Bishop’s Retreat Learnings

At the beginning of this week, we arrived at the Bishop’s Retreat at the Willow Valley Resort in Lancaster, PA. While there, we witnessed the history-making inauguration as a group by way of the TV. And we also experienced some great teaching by Tex Sample, focusing on telling the Story.

Here are some quotes and/or phrases that I wrote down. Some may or may not be exact quotes, and some may be quotes of others. Either way, they’re some of the statements that impacted me …

We are formed by our practices. Tex also talked about this in a message at our 2007 Annual Conference; the statement impacted me then as well, and this was a good reminder. In fact, now that we’re parents, the statement takes on new meaning and importance for us. More on that in a later post.

Perform the biblical text. I just like this phrase. Tex talked a good deal about the importance of the role of living the story in our telling of our stories.

Books. Tex Sample recommended a number of books, including The Fear of Beggars by Kelly S. Johnson, which he recommended that pastors read before preaching their next stewardship series (I just may do that; I’ve added it to my Amazon wishlist). A number of other books were also mentioned.

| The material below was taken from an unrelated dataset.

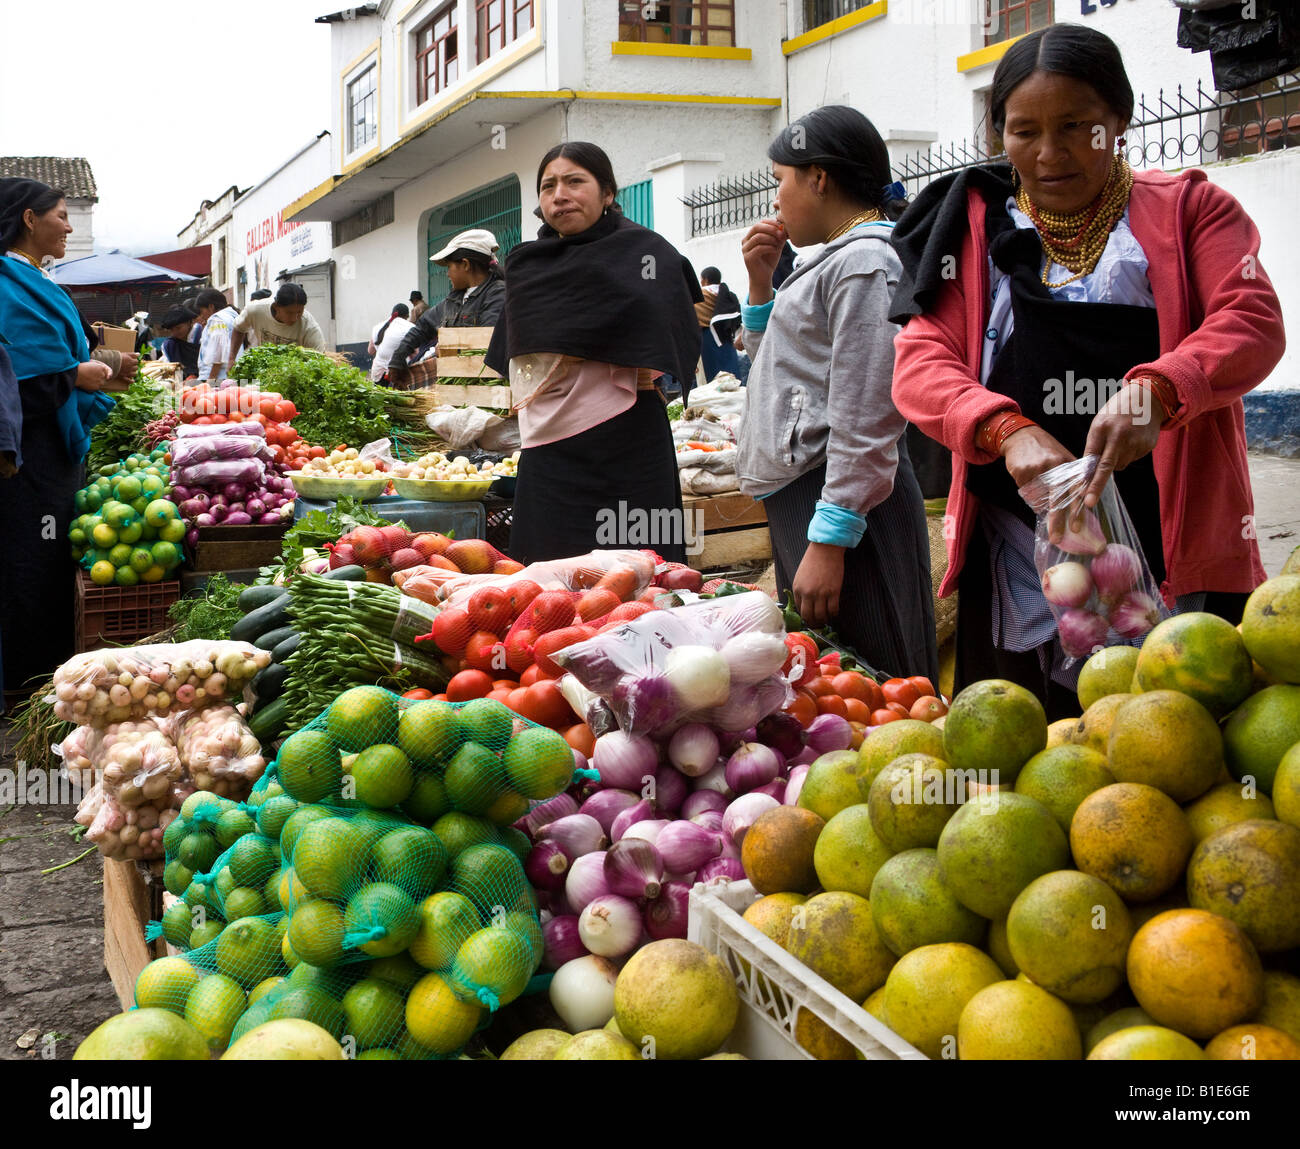 Lebensmittel-Markt in Otavalo im Norden Ecuadors in Südamerika Stockbild

Strategic planning doesn’t work in oral cultures. This was new information for me, so I’ll have to chew on it for a while to consider the implications. I think Tex was talking about the corporate type of strategic planning that is understood as a management type of activity which is viewed with suspicion by the workers. Story was highlighted as a good approach, particularly in those settings. I’d suggest, though, that story is a good approach in any setting. That’s where an approach like appreciative inquiry (which we’ve written about before) can be very helpful.

Formation of a people/culture — long process of handing down and shaping its key practices. This statement caught my attention because my doctoral dissertation dealt with shaping culture. It’s a reminder that change and shaping (church) culture doesn’t happen overnight; it’s a long process. But it’s a process of handing down and shaping key practices. Transformational leadership, the kind of leadership that leads change, begins with being a catalyst for change in people lives by shaping the everyday practices of people.

Well, it was a good, though fast, couple of days. It was a good retreat, although Ethan certainly changed the dynamic of “retreat” for us. He was in child care for the four sessions, but the last three times, he cried (30 seconds, 20 minutes, and 5 minutes; that’s quite a range) when we (or Joleen) dropped him off with people he didn’t really know in a strange room. Nights were okay (although Ethan was much fussier than normal at bedtime and went to bed late each night). Tonight, our first night back at home, though, Ethan went to bed/sleep perfectly.

We’re grateful for our experience and the opportunity for growth at this year’s Bishop’s Retreat!

2 thoughts on “Bishop’s Retreat Learnings”

  1. John, I’m not really sure what Tex Sample intended, but I mentioned Appreciative Inquiry as a story-based method. if you haven’t already done so, see my post on appreciative inquiry (AI).

    I haven’t done AI in a local church setting yet (only as a research method), but the idea is to conduct AI interviews in order to collect stories. Then, out of those stories, seek to discover the “life-giving forces” of the church.

    From there, you’d want to develop action steps (i.e. plans) that naturally build on the life-giving forces that are already there.

    I am planning to use AI as a method in the not-too-distant future and will write more about it then; hopefully that will be more helpful.